## TASK OBJECTIVE
All the data that follows should be repeated exactly, without a single picture.

## DATASET SECTION
<<<<

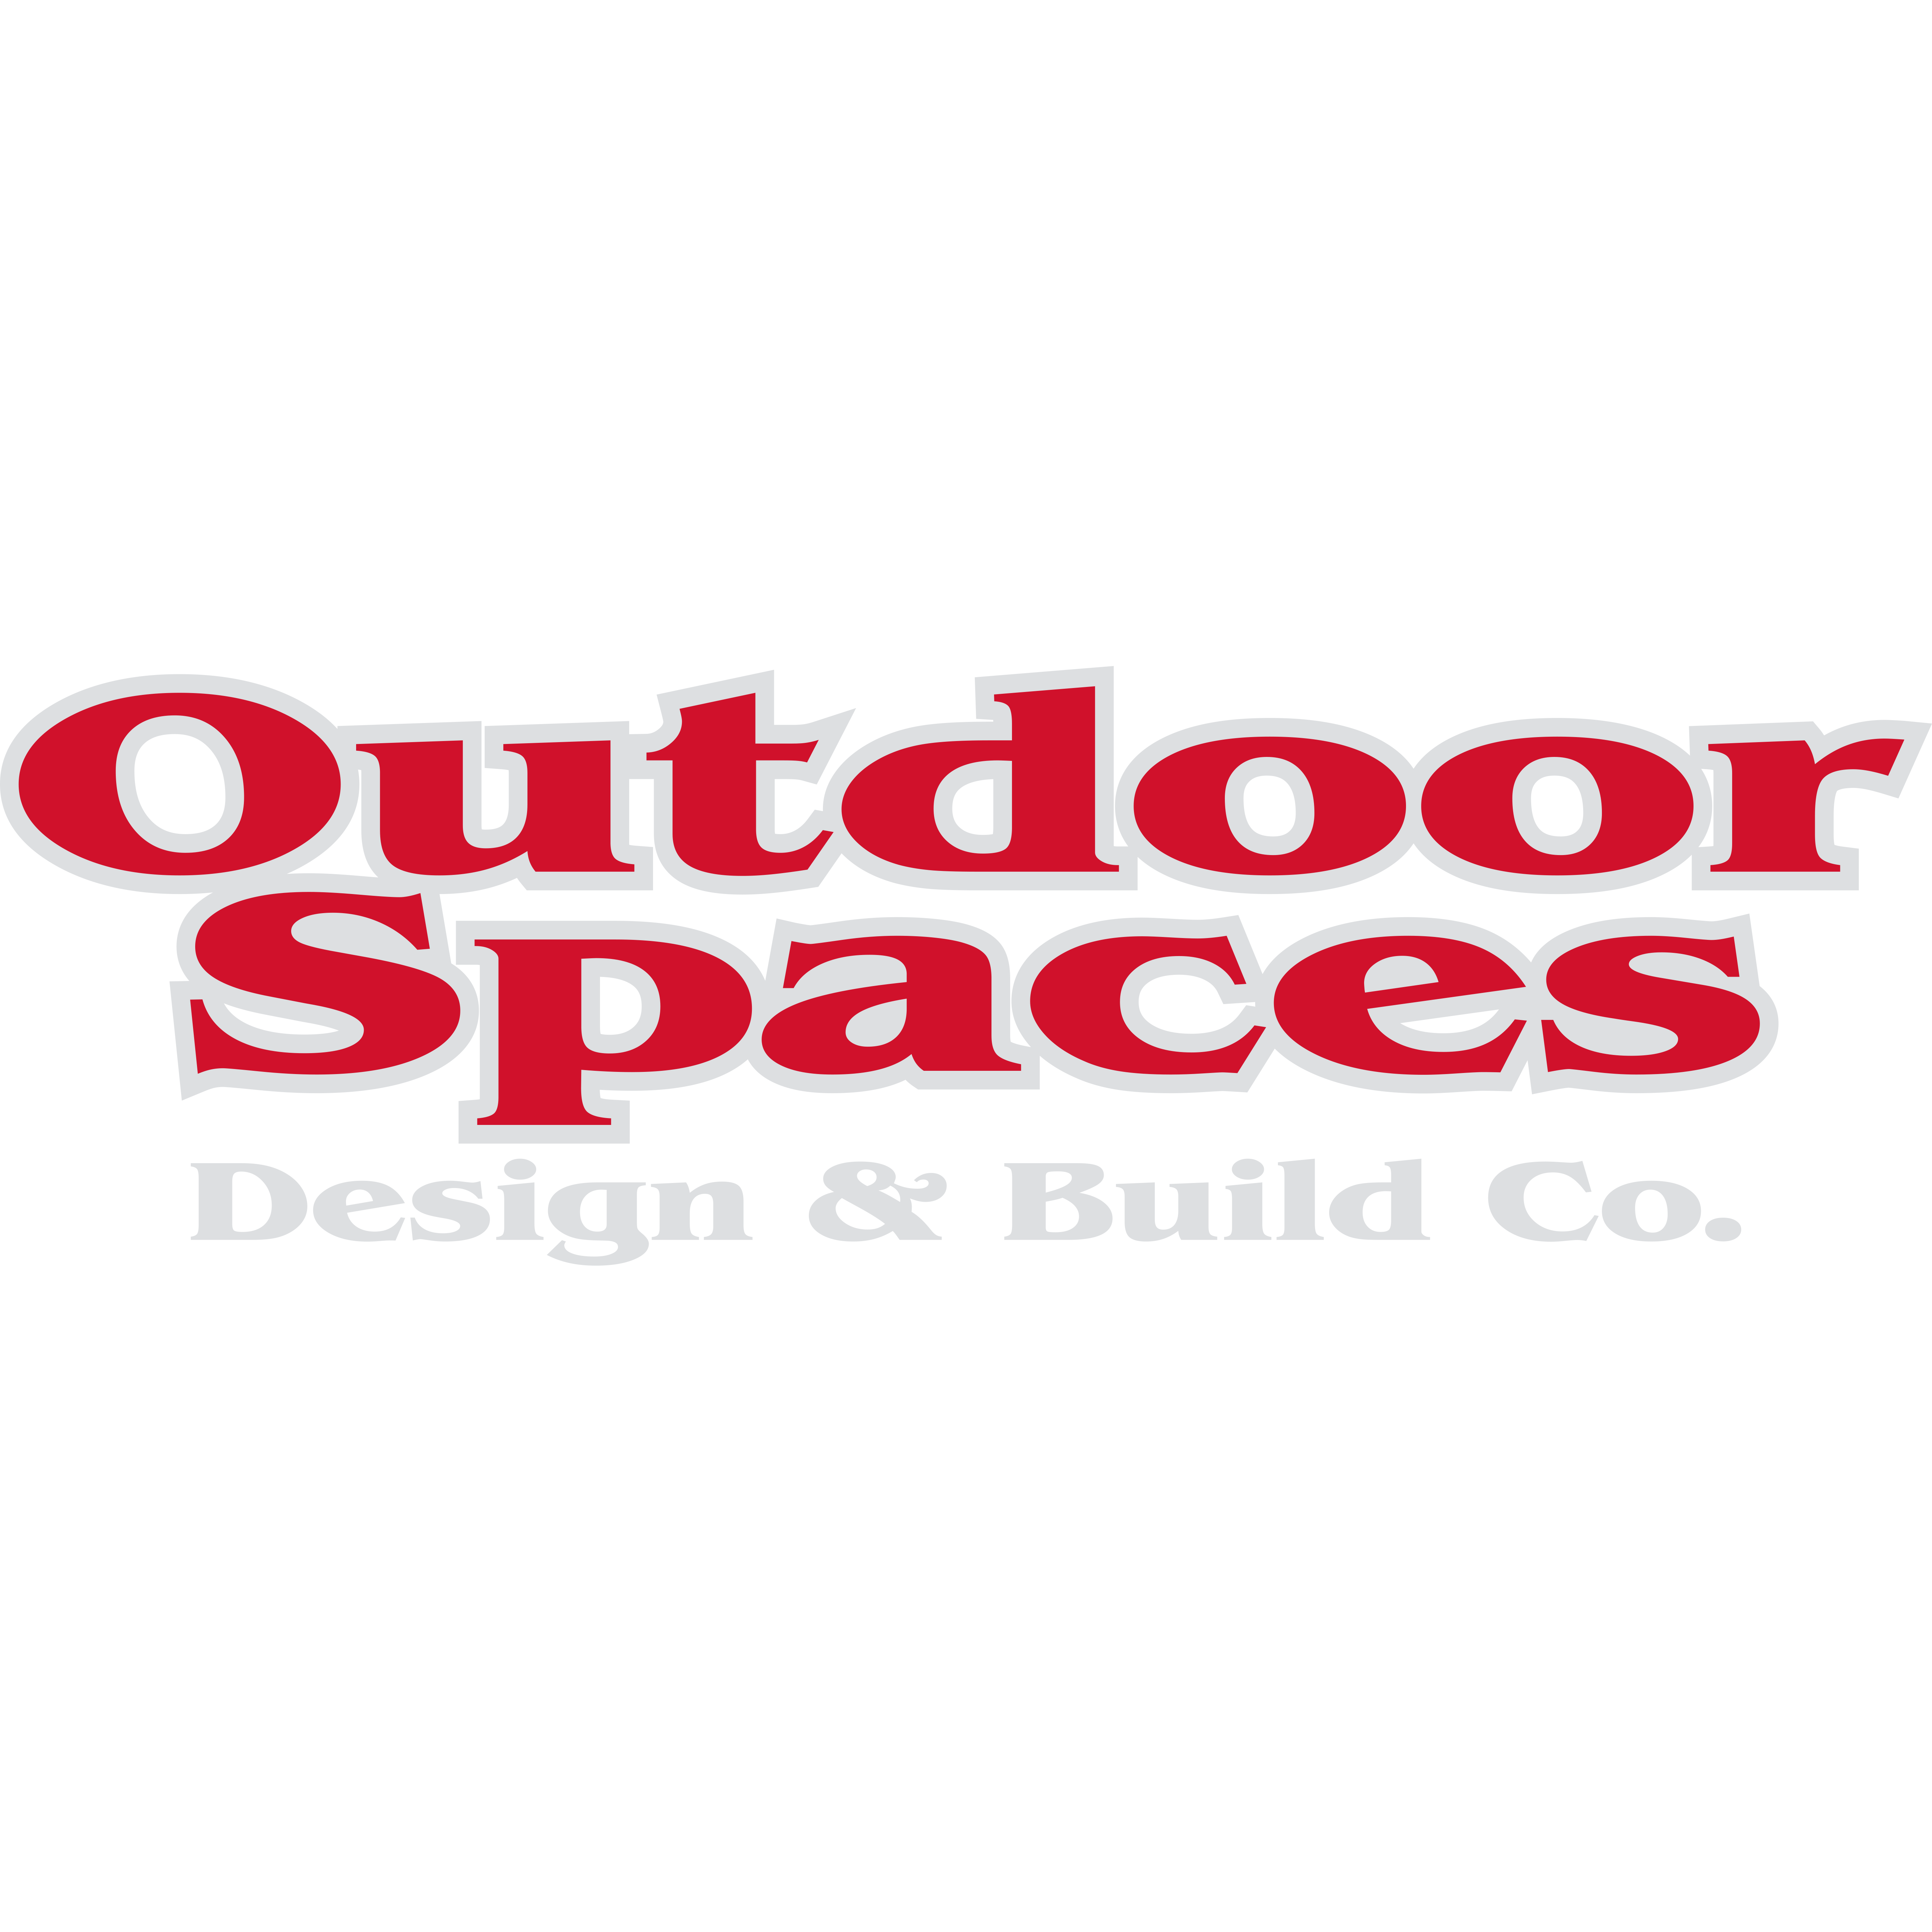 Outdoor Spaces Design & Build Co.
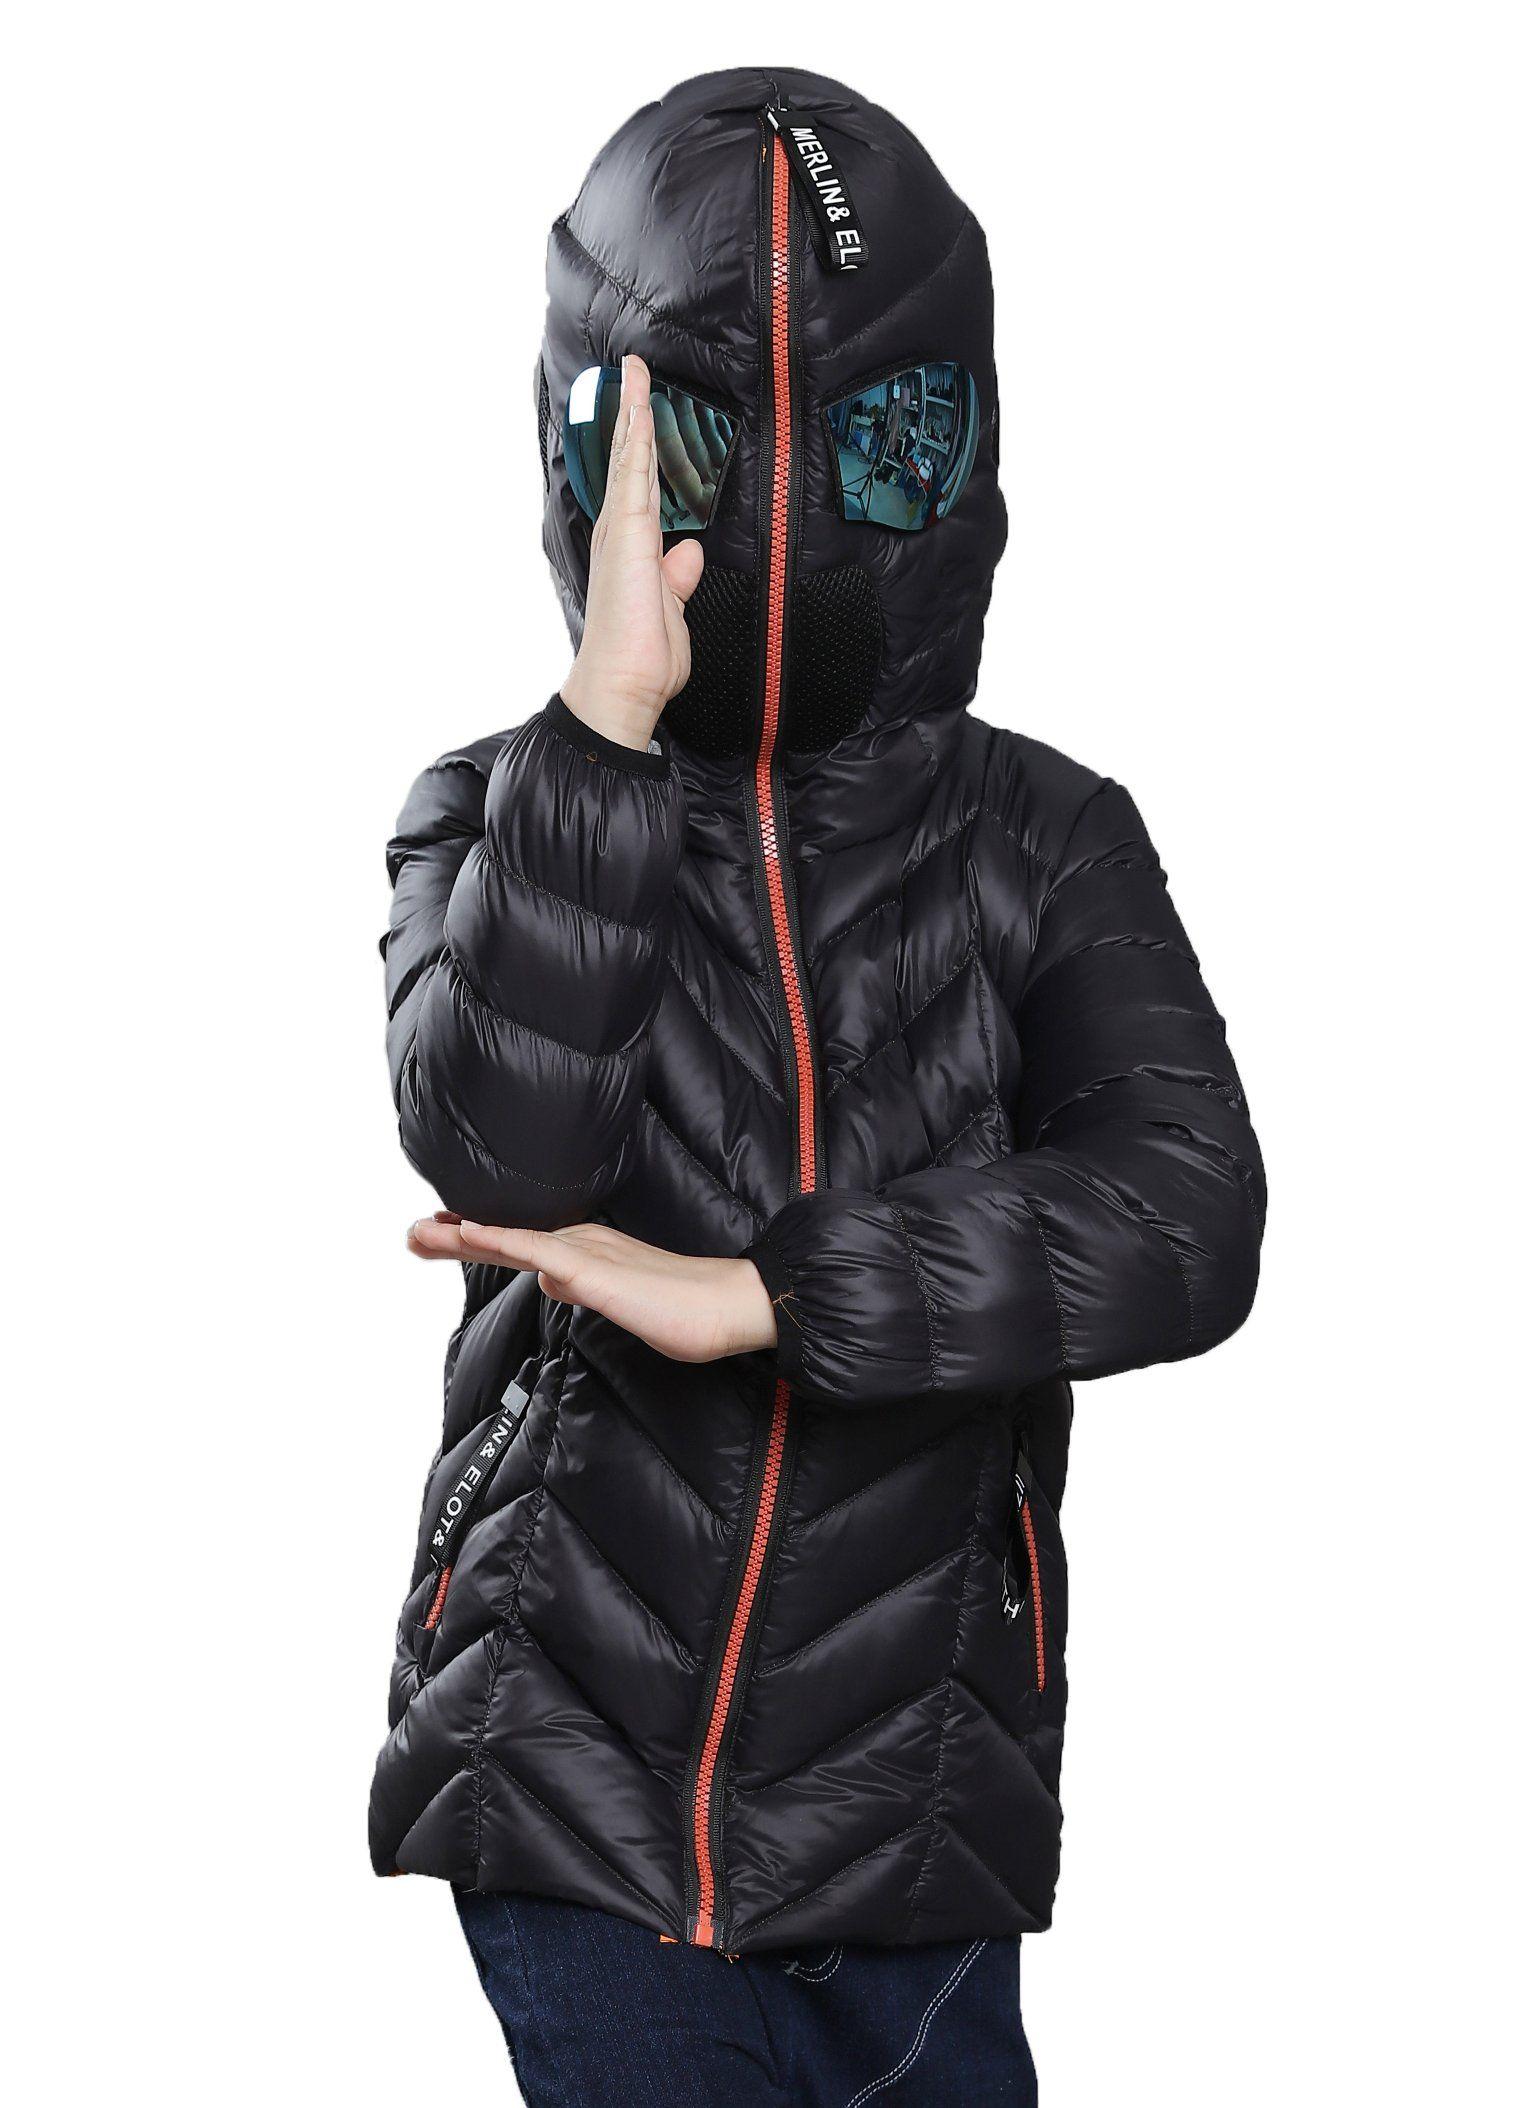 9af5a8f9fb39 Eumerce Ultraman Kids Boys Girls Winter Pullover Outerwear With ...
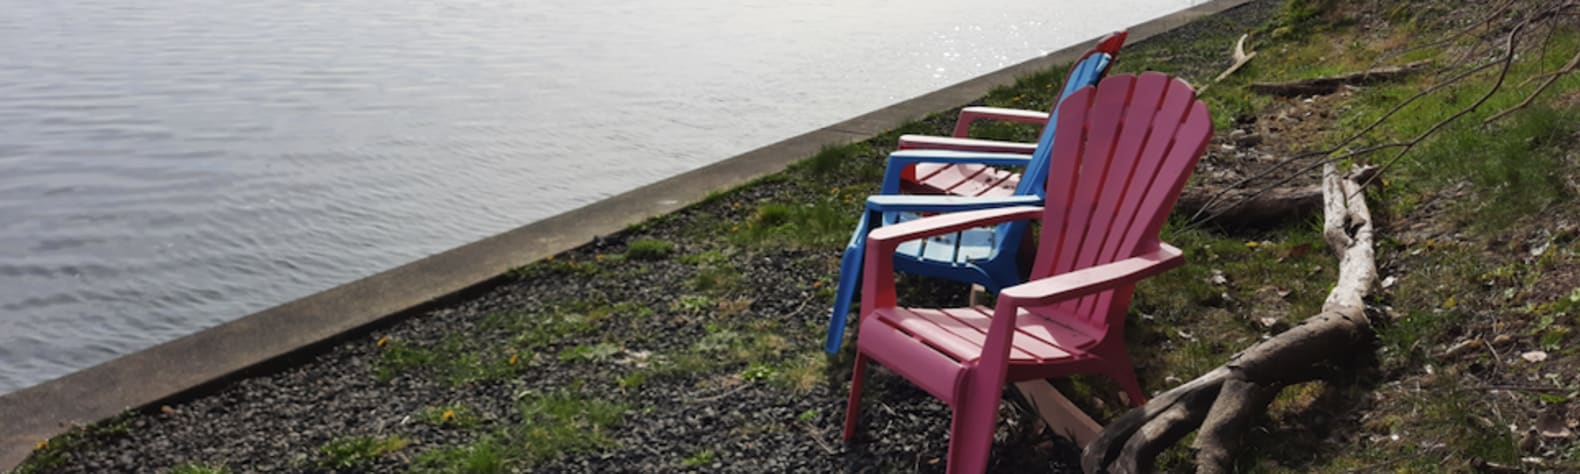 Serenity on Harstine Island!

>>>>

## RESPONSE TO THE EXERCISE
 Outdoor Spaces Design & Build Co.
 9af5a8f9fb39 Eumerce Ultraman Kids Boys Girls Winter Pullover Outerwear With ...
 Serenity on Harstine Island!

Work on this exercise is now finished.